The gate shivered, its bars disintegrating into flakes that tumbled toward the forest floor like rivers of ash. The wraith fell silent, its arms reaching across the empty space where the gate had stood as the last of the iron dissolved and swirled into nothing. The ground shuddered, and a loud snapping sound echoed around the Wilds—a whiplash of magic that tore through the invisible cage that held the wraith back.

The creature rushed forward, colliding with Dinah, a shadow of terrible cold that clung to her skin and whispered against her bones. For one long instant, they held on to each other, the wraith’s mouth gaping wide as if it might sink its fangs into the source of its freedom, but then Dinah whispered, “We have work to do.”

Turning, Dinah walked out of the Wilds, across the marshland, and onto the road that led to Falaise de la Mer, the wraith floating silently beside her, while the bells along the road rang frantically. When they reached the crossroad that would lead them north toward the castle, set high on a distant hill and lit with fiery torches, the wraith turned toward it.

“Not yet,” Dinah said as the hunger that had hollowed her spirit for so many years howled for the vengeance it craved. “Tonight, the royal family and everyone in the city will be there for the ball, and I have a very special betrothal gift I’d like to bring the prince.”

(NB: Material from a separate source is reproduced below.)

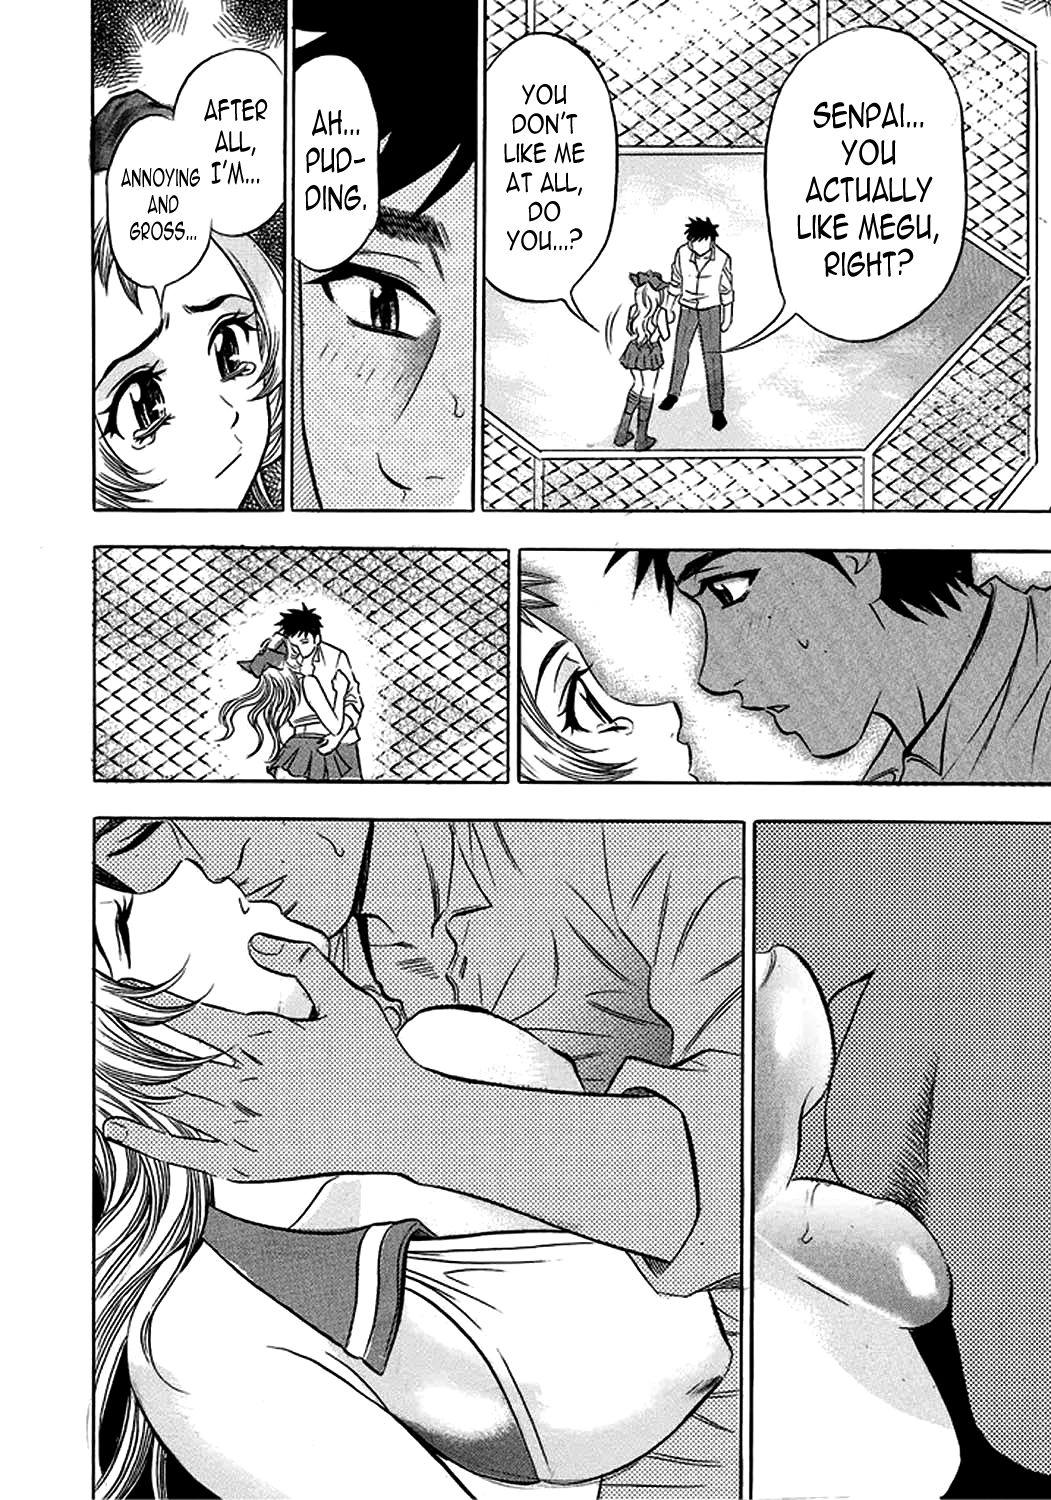 5 Page 14 Of 48 hentai doujinshi, Catfight A Go Go Ch.

The wraith hovered behind Dinah as they walked to the de la Cour farmhouse, moved silently across the property, and climbed down the steps carved into the side of the cliff. Before them, the Chrysós Sea was a vast, dark shadow sprinkled with starlight.

“Join me,” Dinah said.

The wraith floated against Dinah’s back as if hugging her from behind. Its black cape covered her, and its clawlike fingers rested on her own. Together, they walked into the sea.

The waves splashed against their knees, tugging at the cloak until it spread behind them like a pool of spilled ink. The vicious triumph burning in Dinah’s bones carved its way into her heart as she waded out to her waist, her arms spread wide, the wraith wrapped around her limbs as if they were one.